Hessian diagonal, second derivative wrt a single weight

Hello, I’m trying to build the diagonal of the Hessian Matrix of the loss wrt to the weights.

It can be achieved by iterating over each element of the first derivative of the loss and taking it’s derivative wrt to the weights again.
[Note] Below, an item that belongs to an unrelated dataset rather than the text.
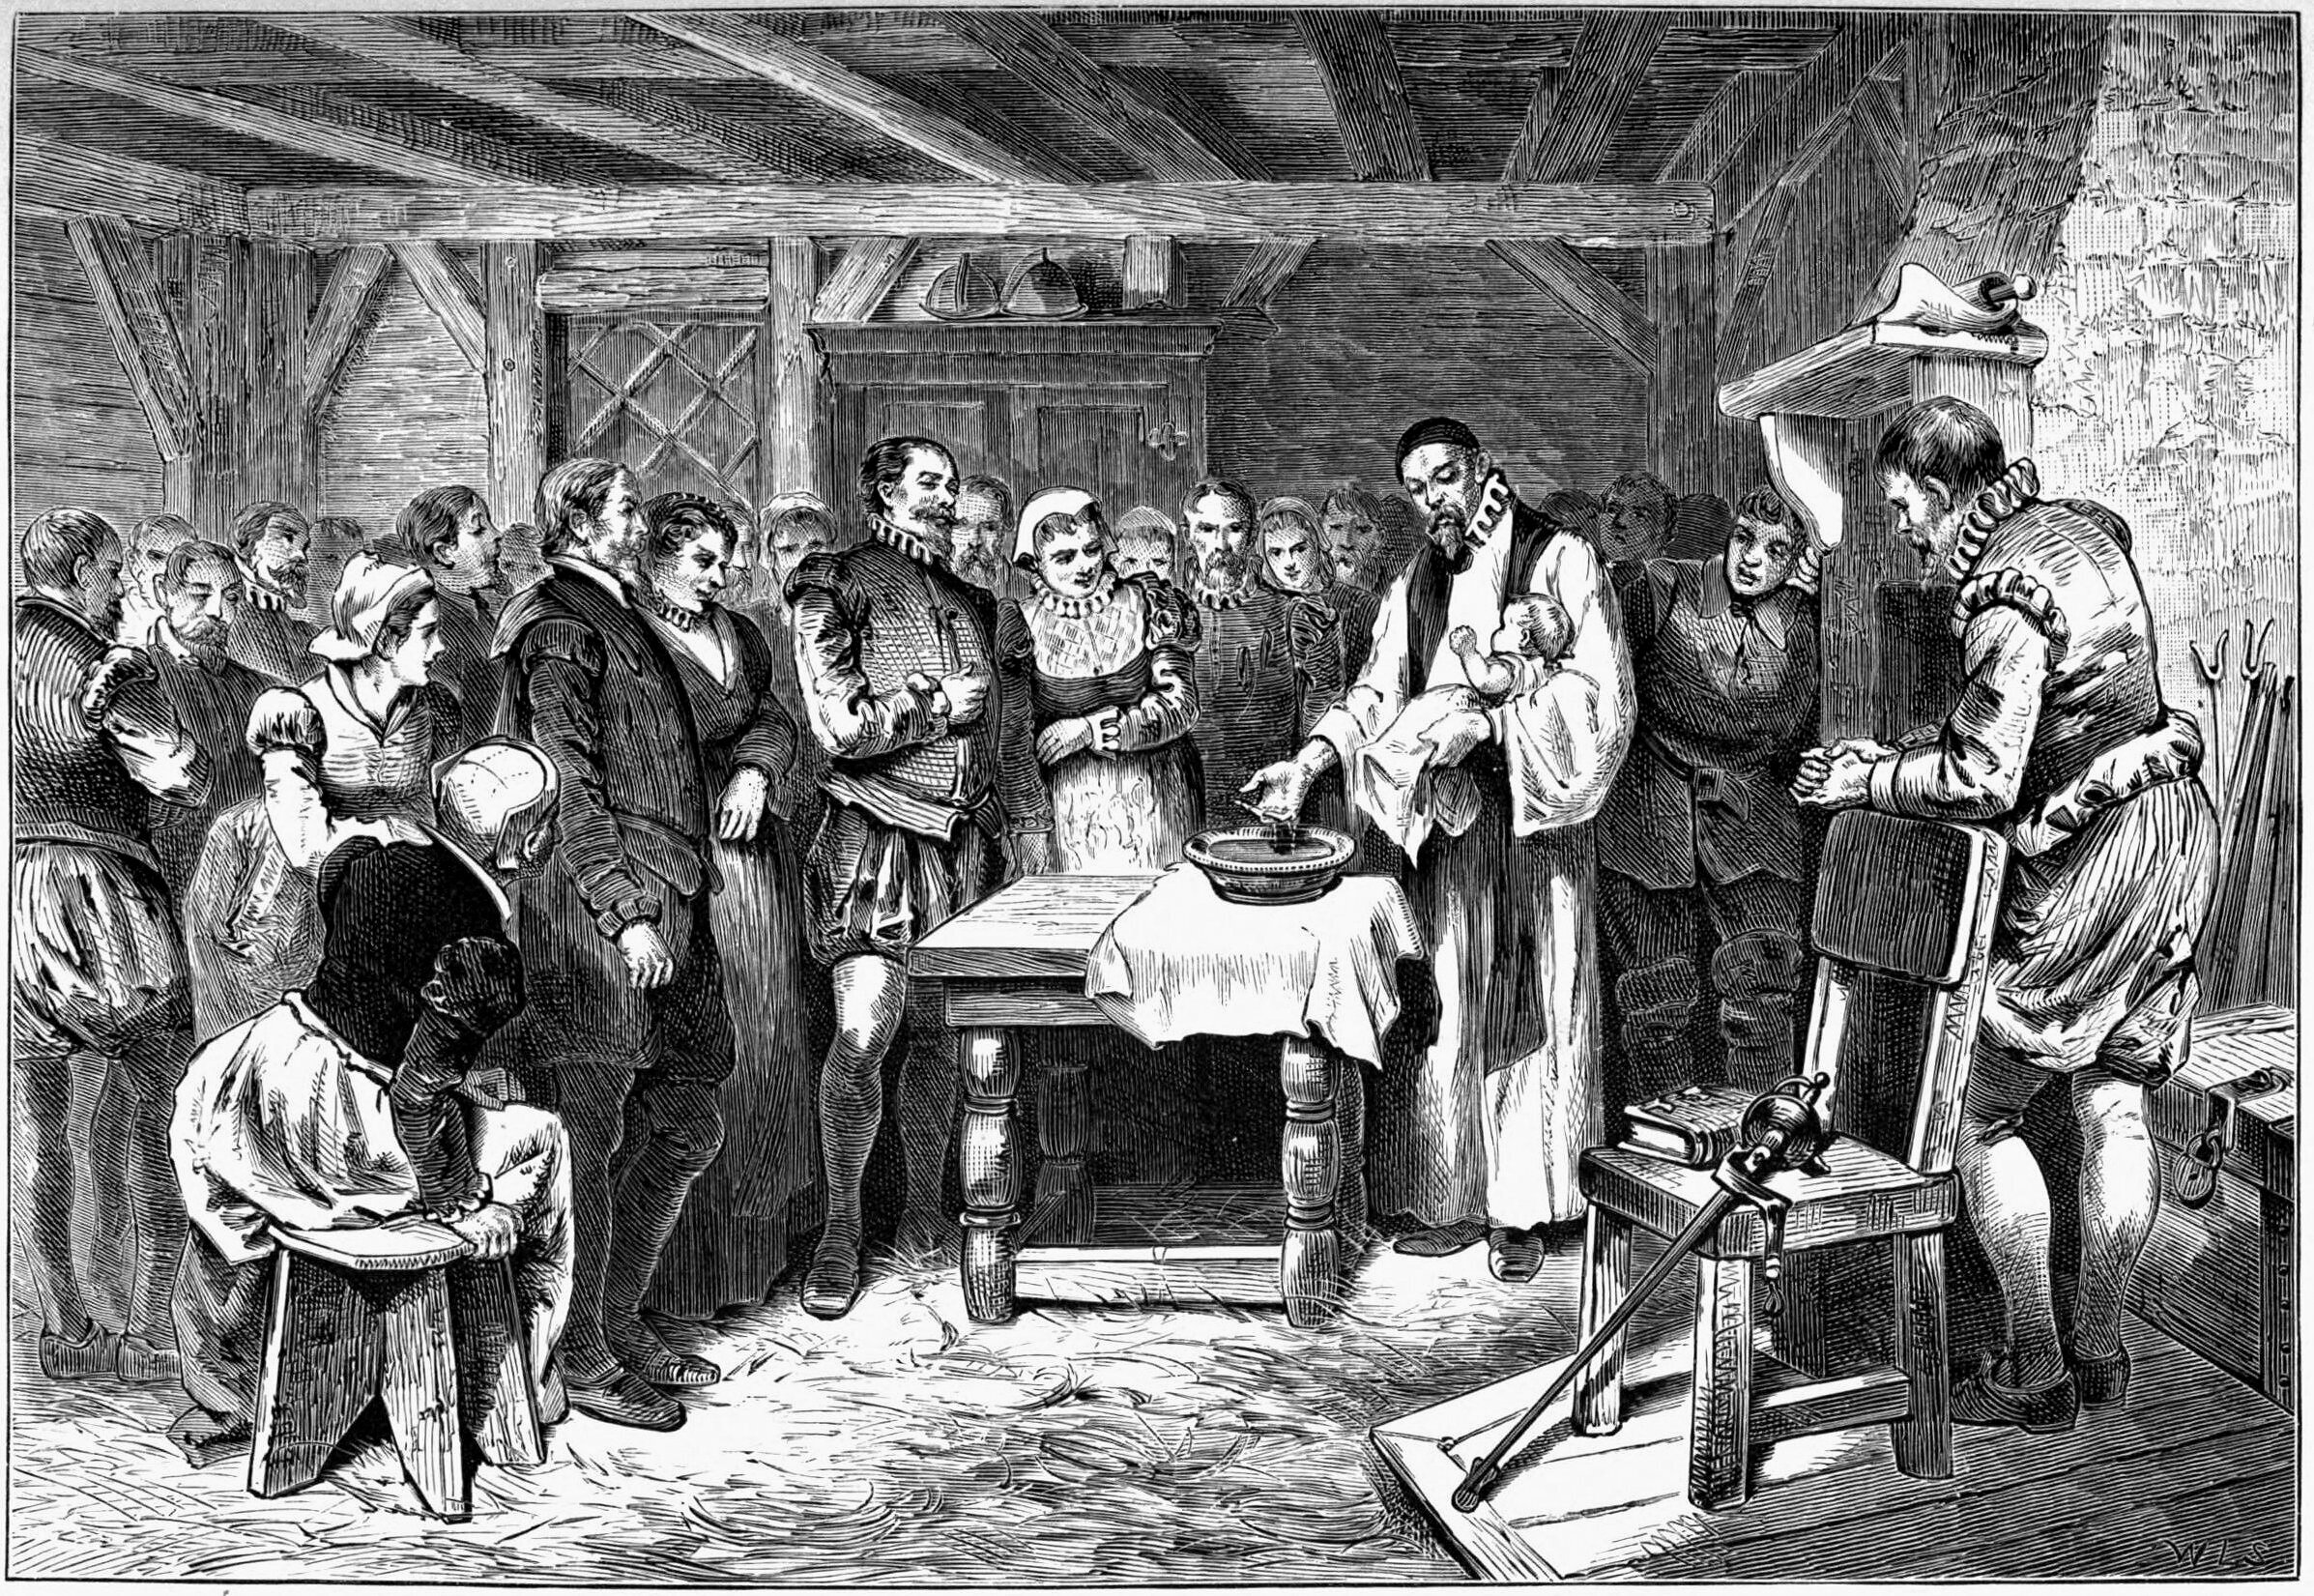   Baptism of Virginia Dare , 1880, wood engraving by  William Ludwell Sheppard &nbsp;-&nbsp;William A. Crafts (1876)&nbsp;  Pioneers in the settlement of America: from Florida in 1510 to California in 1849  ,&nbsp; Boston : 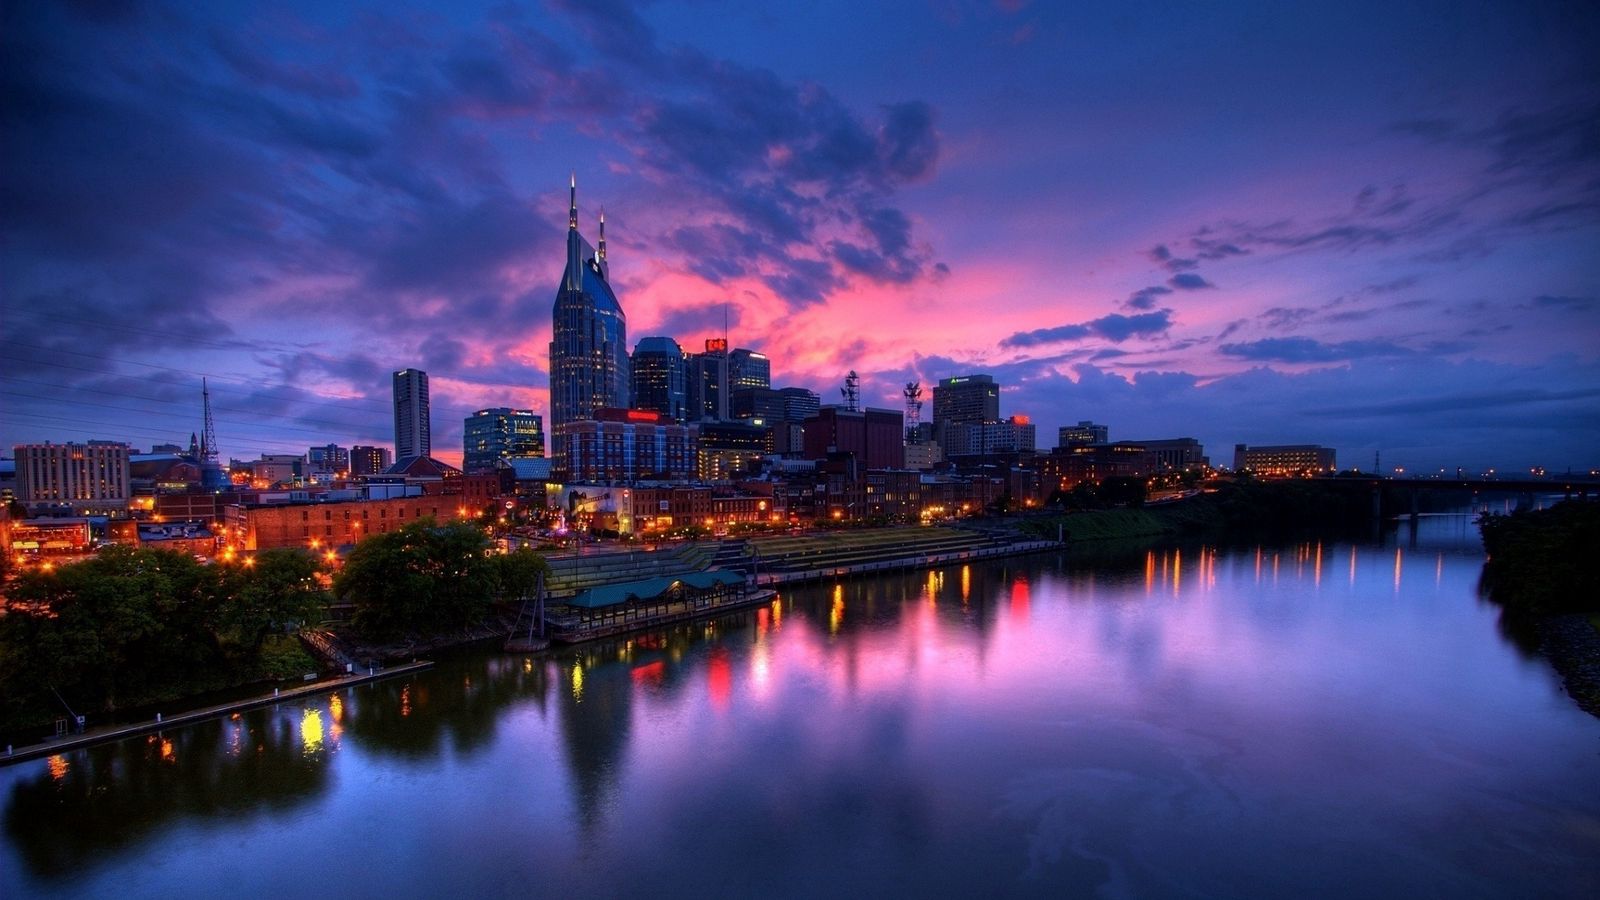 Download wallpaper 1600x900 purple sunset, city, buildings, skyscrapers, beach, night, river widescreen 16:9 HD background

The problem is that it is a very heavy computation, and I think very impractical for ‘big’ (not really compared to the really big ones) networks, over 1M parameters.
This can be achieved with the following code

def eval_hessian(loss, weights):
    # https://discuss.pytorch.org/t/compute-the-hessian-matrix-of-a-network/15270/3
    loss_grad = grad(loss, weights, create_graph=True, retain_graph=True)

    g_vector = torch.empty((0,))
    for g in loss_grad:
        g_vector = torch.cat([g_vector, g.contiguous().view(-1)])
    l = g_vector.size(0)
    hessian = torch.zeros(l, l)
    for idx in range(l):
        grad2rd = grad(g_vector[idx], weights, create_graph=True, retain_graph=True)
        g2 = torch.empty((0,))
        for g in grad2rd:
            g2 = torch.cat([g2, g.contiguous().view(-1)])
        hessian[idx] = g2
    return hessian

Since I only need the diagonal of the matrix I tried some modifications that would only take the second derivative wrt to the same weight of the first derivative, and not compute the whole matrix, like the following:

def eval_hessian_diag(loss, weights):
    def cat_tensors(tensors):
        t_tensor = torch.empty((sum(t.numel() for t in tensors),))
        offset = 0
        for t in tensors:
            t_tensor[offset:offset + t.numel()] = t.contiguous().view(-1)
            offset += t.numel()
        return t_tensor
    
    loss_grad = grad(loss, weights, create_graph=True, retain_graph=True)
    g_tensor = cat_tensors(loss_grad)
    w_tensor = cat_tensors(weights)
    
    l = g_tensor.size(0)
    hessian_diag = torch.empty(l)    
    for idx in range(l):
        grad2rd = grad(g_tensor[idx], w_tensor[idx], create_graph=True)
        hessian_diag[l] = grad2rd[0]

    return hessian_diag

But when I do this I get the error:
RuntimeError: One of the differentiated Tensors appears to not have been used in the graph. Set allow_unused=True if this is the desired behavior.
The originates here
grad2rd = grad(g_tensor[idx], w_tensor[idx], create_graph=True)
I found out that the grad needs to be wrt to the whole weight tensor (i.e. the complete matrix of weights of a NN layer), and cannot be computed with respect to a single weight.

So my question is if there is another way to compute the diagonal of the Hessian, or the second derivative without having to compute it wrt to every possible pair of weights.

2 Likes

You certainly have solved this issue by now but to help the next lost soul. The line is supposed to be:

grad2rd = grad(g_tensor[idx], w_tensor[idx], retain_graph=True)

Hello, I attempted the solution you proposed here yet I’m still getting the same error. Can you perhaps spot why?

def eval_hessian_diag(loss, model):
	def cat_tensors(tensors):
		t_tensor = torch.empty((sum(t.numel() for t in tensors),))
		offset = 0
		for t in tensors:
			t_tensor[offset:offset + t.numel()] = t.contiguous().view(-1)
			offset += t.numel()
		return t_tensor
	weights = list(model.parameters())
	loss_grad = grad(loss, weights, create_graph=True, retain_graph=True)
	g_tensor = cat_tensors(loss_grad)
	w_tensor = cat_tensors(weights)
    
	l = g_tensor.size(0)
	hessian_diag = torch.empty(l)   
	for idx in range(l):
		grad2rd = grad(g_tensor[idx], w_tensor[idx], retain_graph=True)
		hessian_diag[l] = grad2rd[0]

	return hessian_diag

Just to clarify the difference between my function and the one above is that this function takes in the model and then gets the weights by performing list(model.parameters()). I did this to make it clear where the weights are coming from.